Order of business No. 1 in this venture is data-scraping. What will we want to scrape? Let’s start with a league homepage:

Screen Shot 2015-02-28 at 1.50.19 PM

 

For ESPN I’ll admit, surprisingly minimalist. I guess my AdBlock is working after all. We got the league name (potentially useful), some crappy articles (less useful), congrats to Rudy on finishing first, and ah, the Standings. Let’s expand those:

Screen Shot 2015-02-28 at 2.11.06 PM

What a beautiful page! Basically all the information on this page should be scraped daily, starting with a list of of the team names.

Let me be clear here. By list I don’t mean something your wife gives you before heading to the grocery store; in Python lists are a specific type of container for data storage with unique syntax and properties. As it stands they are a relatively simple container.

(I don’t plan on going into too much Python syntactical minutiae, but for this first example, I’ll try it out.)

Lists

First off, to define a list, you use square brackets [ ]. For example:

teamNamesList = [] # creates an empty list named teamNamesList

After scraping from the standings page, we’ll hopefully have something that looks like this:

teamNamesList = ['Razzball Rudy', 'Team Albright', 'Yahoo Del Don', 'RC BradGraphs',
'Razzball Scott', 'Team McLeod', 'Razzball Radio', 'Razzball Sky Sperling',
'Razzball Jay(Wrong)', 'Club Singman', 'Tehol the Pathetic', 'Mastersball Carey']

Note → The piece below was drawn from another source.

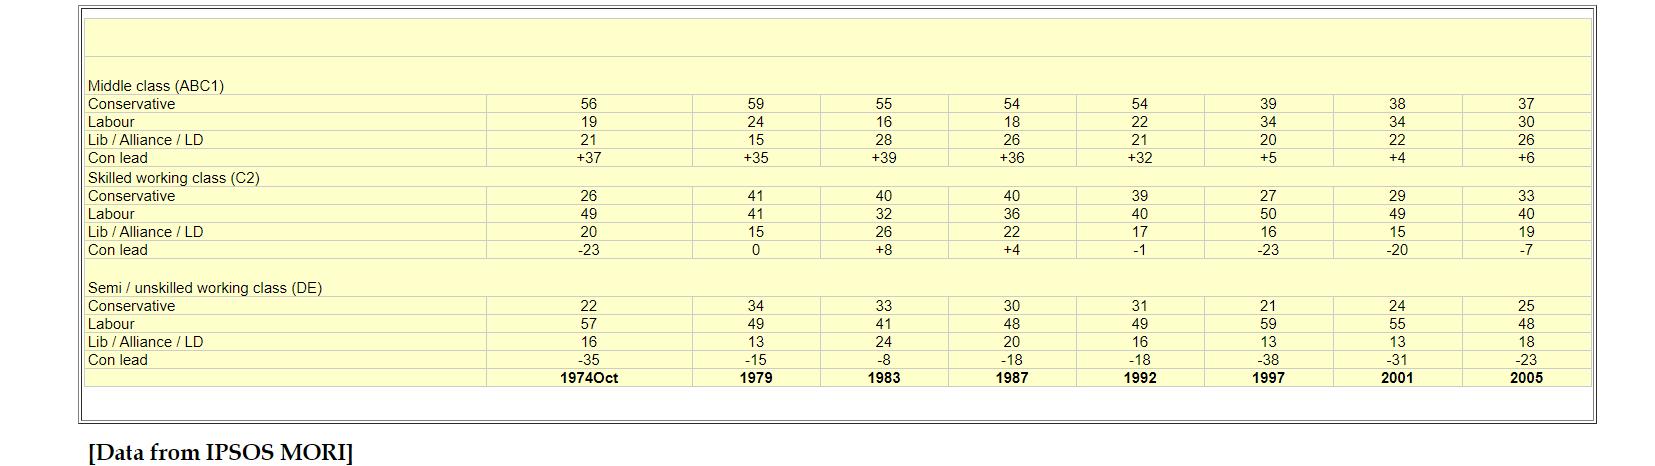 Electioncomp970105-IPSOS-MORI-DATA.

A couples things you can do with this list. If I wanted to select a specific team, I’d use it’s index number, which for these 12 teams is a sequence from 0 to 11. For example:

print teamNamesList[0]

would spit out:

'Razzball Rudy'

and,

print teamNamesList[11]

would result in 'Mastersball Carey' being printed to the terminal, as it’s called.

Another example of something I could do with the teamNames list is create a variable called numTeams and set it equal to the length of teamNamesList. In Python that would look like this:

numTeams = len(teamNamesList)

print numTeams

12

While this may seem like a nice feature, practically speaking, it is probably best to have a human being input the number of teams directly into the program as a parameter. Until leagues start kicking owners out in the middle of the season (not a terrible idea), there’s no need to recalculate the number of teams on a daily basis.

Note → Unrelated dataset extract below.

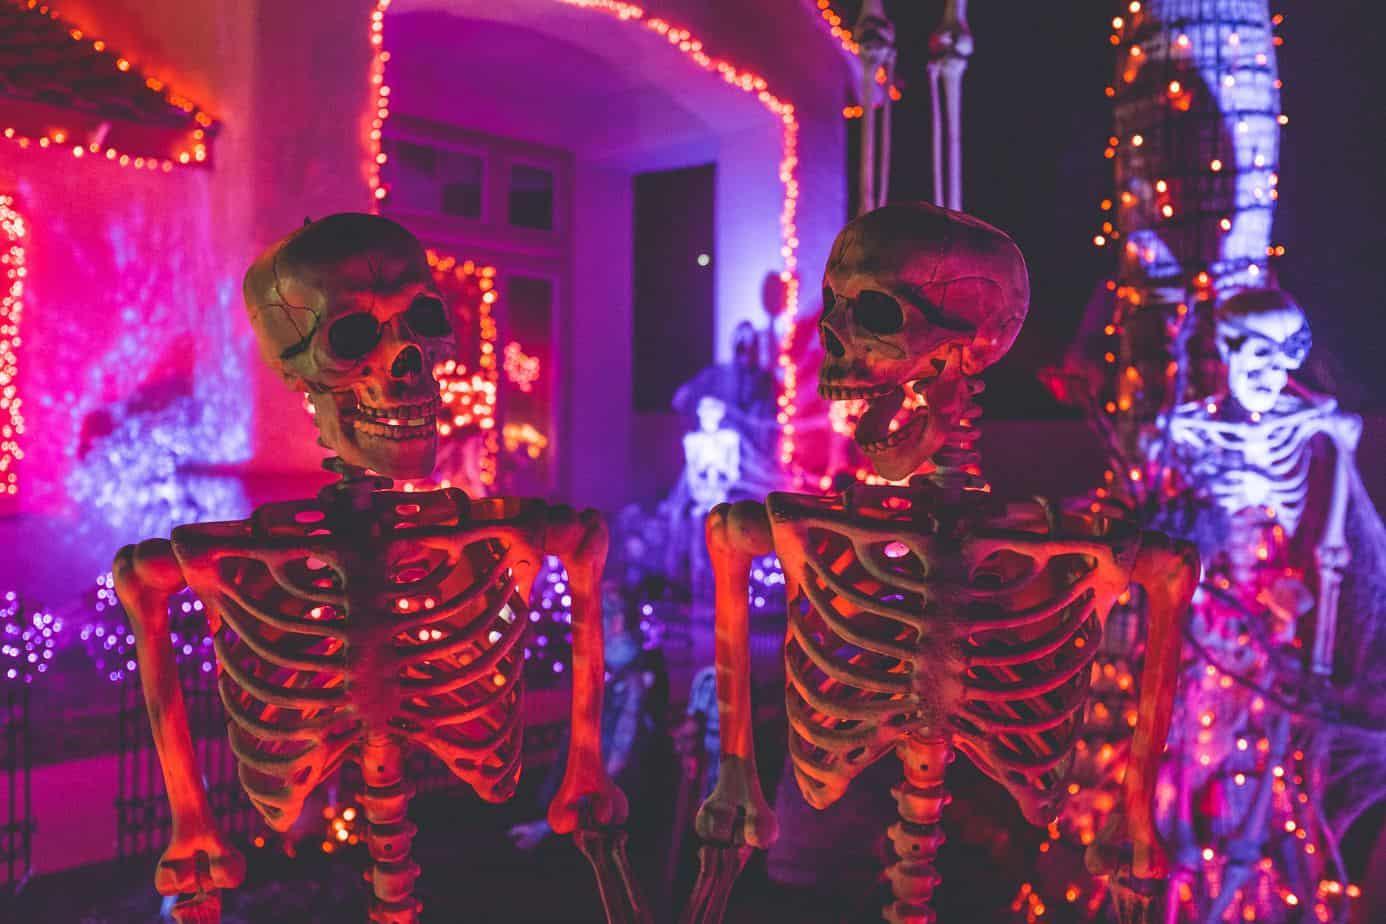 Halloween Lighting Ideas for 2019

If you’ve followed me this far, let me bring up a more interesting scenario: what should happen when a team changes its name?

One solution is to ban all teams from ever changing their names, but that’s neither fun nor realistic. Another option is to simply have your teamName list change as well, but that could make any historical variable confusing to interpret, and also mess up the entire program depending on how it’s coded. Basically, we need to find a good way to deal with this scenario.

Here’s where I will introduce another kind of data container: the set.

Sets

The main features of a list are that it is ordered and items in a list can only be referenced by numerical indexing (Remember teamNamesList[0] = ‘Razzball Rudy’)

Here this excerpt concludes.